Thursday, August 2, 2012

Welcome to my Craft Room

My craft room is four years in the making.   This week marks four years that I've lived here and finally finishing this space was one of my 2012 goals.  I've been collecting the pieces in this room over the past four years, searching secondhand stores and discount stores for the most functional items at the most reasonable prices.  Some items are left over from my childhood and others are recent purchases.  If your craft space isn't meeting your needs, I hope this tour gives you some good ideas for how you can improve it on a budget.    

When I first moved in, I intended to use this room as my office and left open the possibility of using it as a guest room.  I might have graded papers in here once or twice in four years; I simply prefer to work in my classroom.  At the time I moved in, I was quite used to having a gigantic desk.  Both in college and at my apartment in France, I had a three foot deep desk.  As it turns out, you can't easily find a desk like that on the retail market, but I loved the size.  I bought a kitchen table to be my desk and it's been working out great for crafting because there's so much space.  The table and four chairs was about $150.  I use two of the chairs elsewhere in the house.
On top of my desk, I use a variety of small shelving pieces.  I have four of the Quickkutz Magpie storage units.  I bought these in 2009 for a total of $24 at Big Lots.  Funny thing- I didn't know they were meant as scrapping storage until last year.  I thought I was clever to use them for my punches.  They were displayed with discontinued items from Rite Aid so I thought they were meant to organize cosmetics.  :)  I also have a plastic shelf that was about $5 at Dollar General and some random wood shelves that were between $1-6 at Goodwill as well as some plastic crates from Dollar Tree and even a couple of cardboard boxes.  My Copics are in empty frosting tubs- free!  Under my desk, there's a plastic drawer unit that holds some additional punches, inks, envelopes, and more.  I also have a cork board above the desk with some important info, templates, and a couple of inspirational cards.  My grandmother made a birthday card for me a few months before her severe stroke in 2010 and I proudly display it on my board as a tribute to her.  The other inspirational card is from Sandy of OWH from when I won a prize.  I keep it there to remind me of the great work OWH does. 

My Cuttlebug station sits just behind my desk chair.  It's a computer desk that I bought at Habitat Restore.  It could use new paint, but I would probably just mess it up again while being crafty, so for now I'll just say it has some character!  All of my Cuttlebug supplies fit on the top.  The keyboard drawer holds my glue gun and heat gun along with a craft mat.  Below is more open shelving for storage.  My sewing machine lives at the bottom of this cabinet as well.  Check out that blue beauty! 

I use embroidery floss boxes for buttons, eyelets, and brads but I prefer the old ones to the new ones.  The plastic seems flimsier on the one I just got at the craft store than on the ones I've had since elementary school.  My solution- I bought a few more at Goodwill for the same price as a new one but they were the better quality plastic. 

 I love, love, love using these plastic drawers for stamp storage.

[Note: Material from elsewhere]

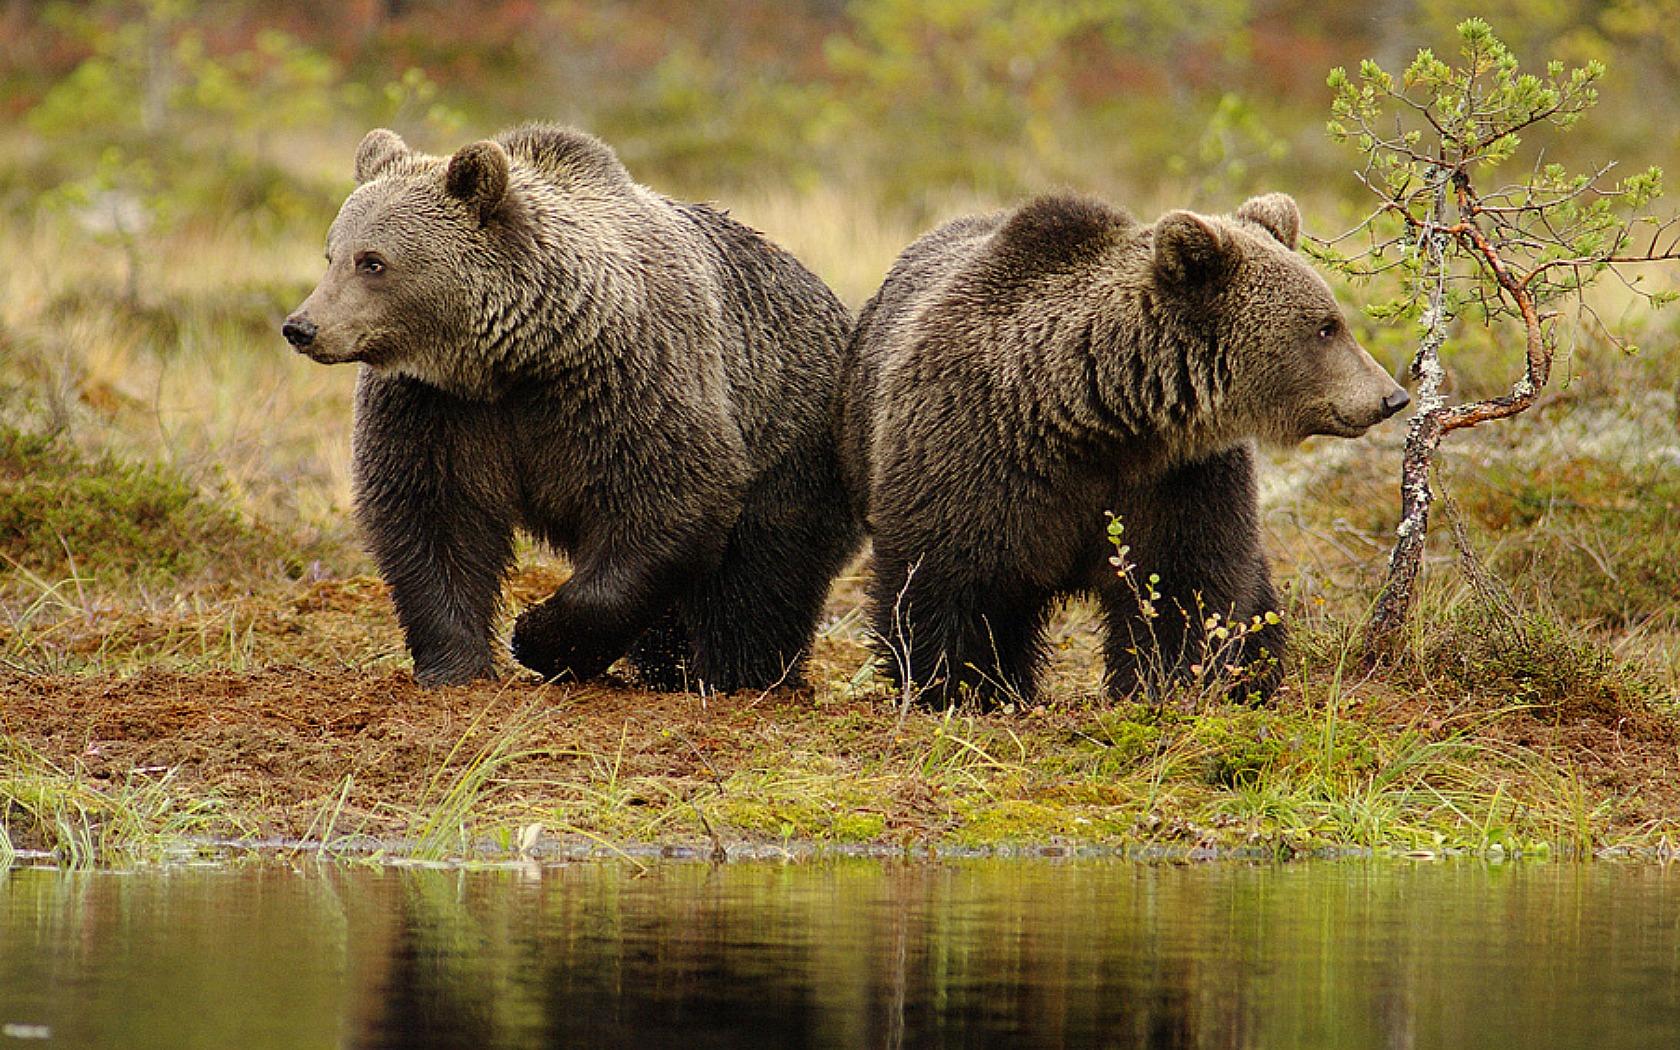 Реально ли нарваться на медведя в Карелии? - ВКонтакте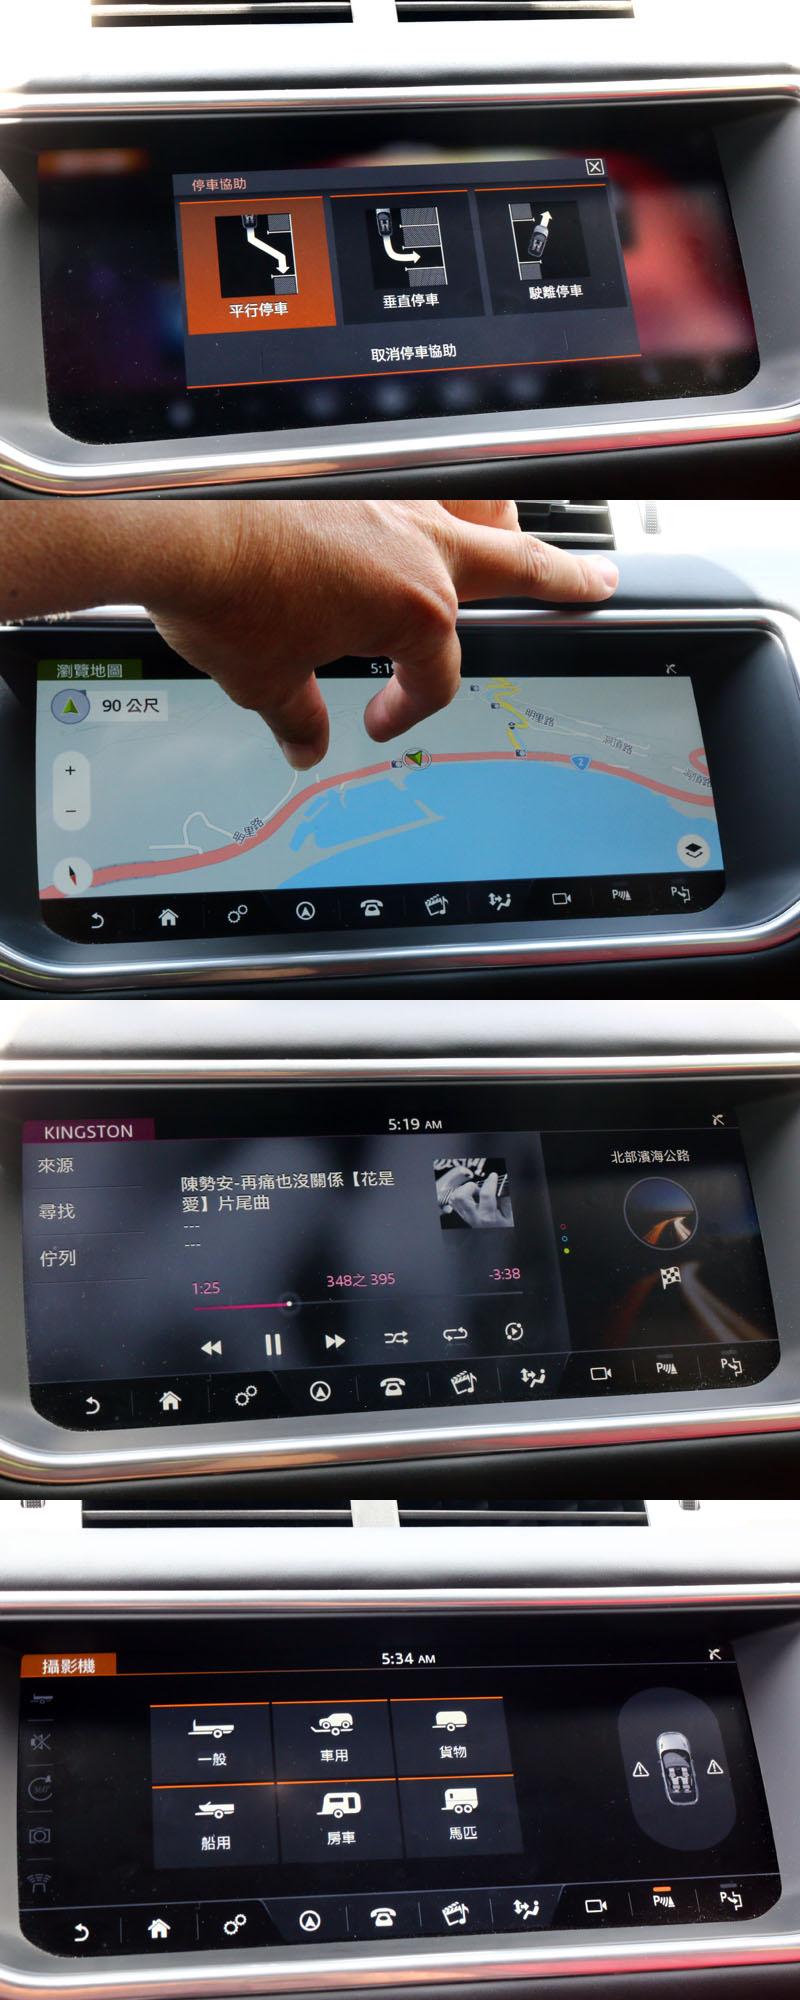 全新的 InControl 智慧多媒體系統,具備10.2 吋中央全觸控螢幕,而且還新增了雙區快捷操作功能,而該系統也整合了影音、通訊、衛星導航、影像輔助等功能,同時停車輔助系統功能也可由此操作。

I paid $2 each on clearance at Walmart because the color was discontinued, but these are generally available for about $6.  If you want some, look in a few weeks when the back to school items go on clearance.  One layer of wooden stamps in each drawer isn't heavy enough to destroy the unit (though doubling up in all the drawers will cause them to start buckling).  I have my $1 stamps sorted by themes and I use them often thanks to the ease with which I can locate them.  Line the drawers with grippy shelf liner to keep stamps from sliding all around when you open and close the drawers.  On top of these shelves, I have a Canada Dry caddy that was 50 cents or $1 at Goodwill.  It holds all of my pens, tools, scissors, and the like and it's super sturdy. See the serving fork there, ready to make bows? 

Scraps and full 8.5 x 11 cardstock are stored in these two bins.  At about $5 each plus the cost of file folders, they are an inexpensive way to sort papers and remain portable  Nearby, the green plastic drawers hold rarely used tools like a tag maker, large stapler, circle cutter, and more as well as supplies for other crafts I enjoy.  

Most of my storage is boxes on shelving.  This Ikea bookcase has been around for a long time.  I picked it out for my bedroom when I was in elementary school and it's been serving me well ever since.  I have no idea what my parents paid for it, but I know that it's been well worth the price.  The binders hold my stickers.  Paper trays hold cardstock that I've purchased by the ream.  Small plastic shoeboxes hold random embellishments like chipboard sets, extra adhesives, and more.   I keep a ream of 11x17 paper on hand to cover my work space if I'm going to be inky.  Under the shelves, I store my cropping tote. 
My other shelving is a set of 5 cubes for paper storage.   I lucked out and was able to get these cubes at Big Lots in 2009 for $8 each.  Michaels sells identical cubes with white shelves (mine are pink and green, not that you can tell for all of the paper) for $35 each. 
A plastic shelving unit holds my lightbox, ribbons, clear stamps, and Stampin Up sets I rarely use.  It was about $11 at Habitat ReStore. I keep cards that are ready to go in a large FRB on top.  This one's about half full. 

I glanced back through my post and totaled up what I've spent in storage for my room- about $300, half of which was the dining set.  I know everyone has a different budget to work with, and I was hoping this might inspire crafters on a low budget to look into secondhand stores for items that could work.  I am more concerned with function than looks, so I don't mind the mix of colors and materials in my room.   If it's important to you that your space be cohesive, look for items that you can paint and opportunities to pull in a fabric such as on chair cushions, curtains, and wall art.  For now, I will be happy to sink my craft budget into papers, tools, and postage for OWH instead of perfectly matched furniture. 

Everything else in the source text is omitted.